# Records

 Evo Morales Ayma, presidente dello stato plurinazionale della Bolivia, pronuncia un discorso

--

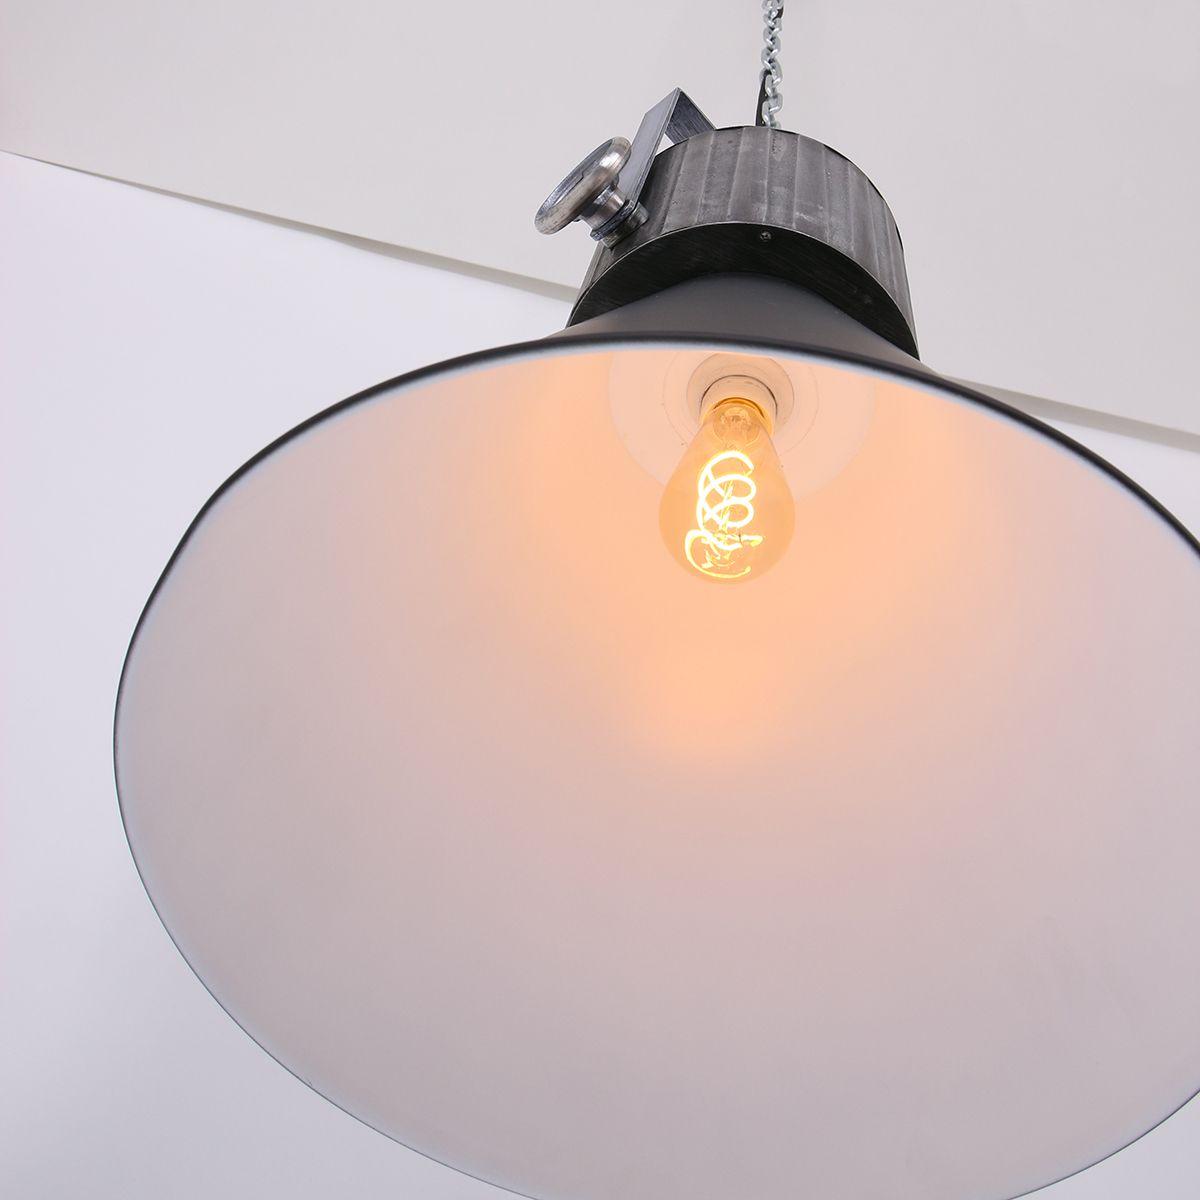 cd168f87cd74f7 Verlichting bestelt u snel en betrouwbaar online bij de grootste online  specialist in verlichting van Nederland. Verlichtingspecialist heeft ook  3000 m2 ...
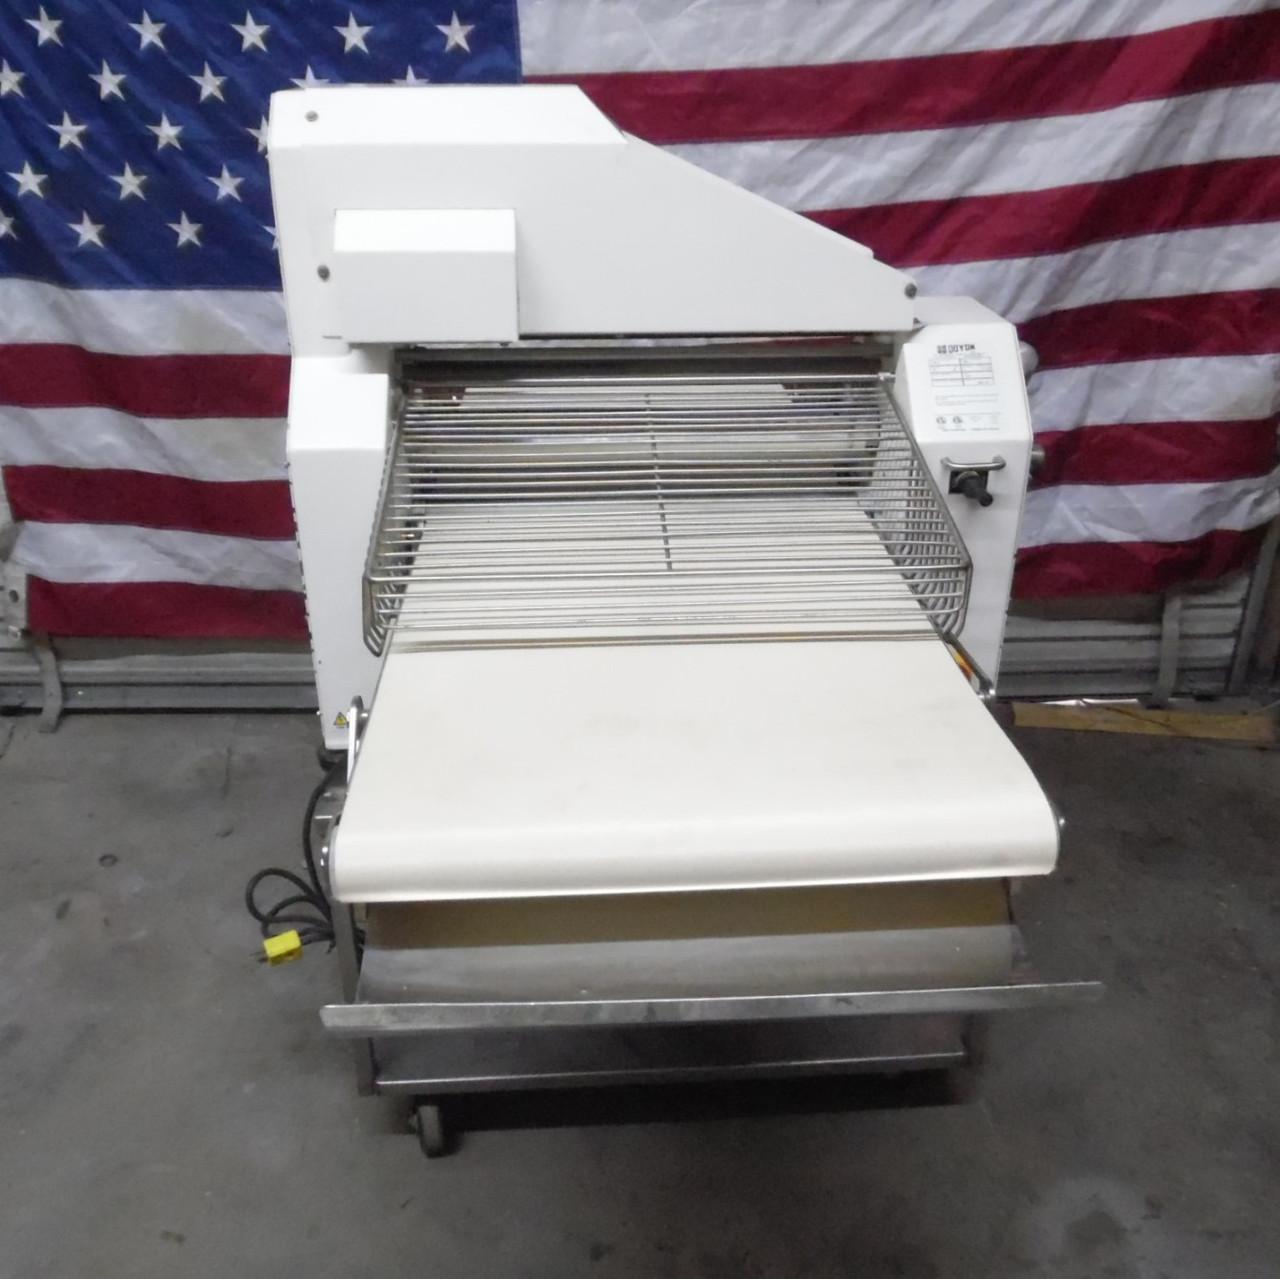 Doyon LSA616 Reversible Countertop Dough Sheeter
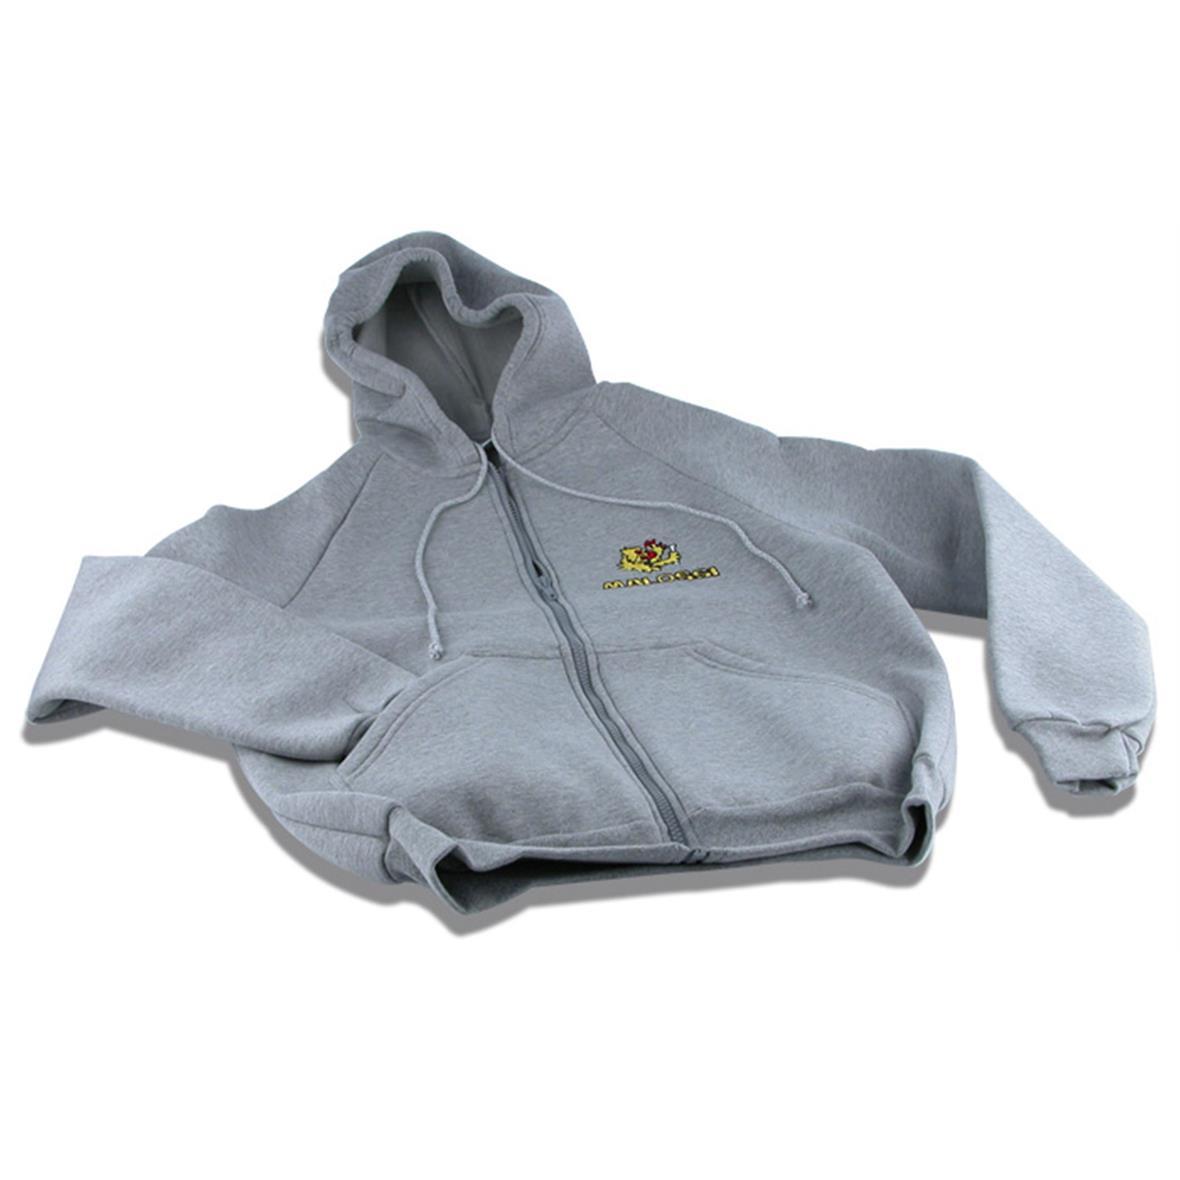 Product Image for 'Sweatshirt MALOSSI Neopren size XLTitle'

# Goal of the exercise
Going by the entries above, repeat exactly the lines that start at the line with "Doyon LSA616 Reversible" and go on through the line with "Product Image for". Pictures are not part of the copy.

# Finished task
 Doyon LSA616 Reversible Countertop Dough Sheeter
 Product Image for 'Sweatshirt MALOSSI Neopren size XLTitle'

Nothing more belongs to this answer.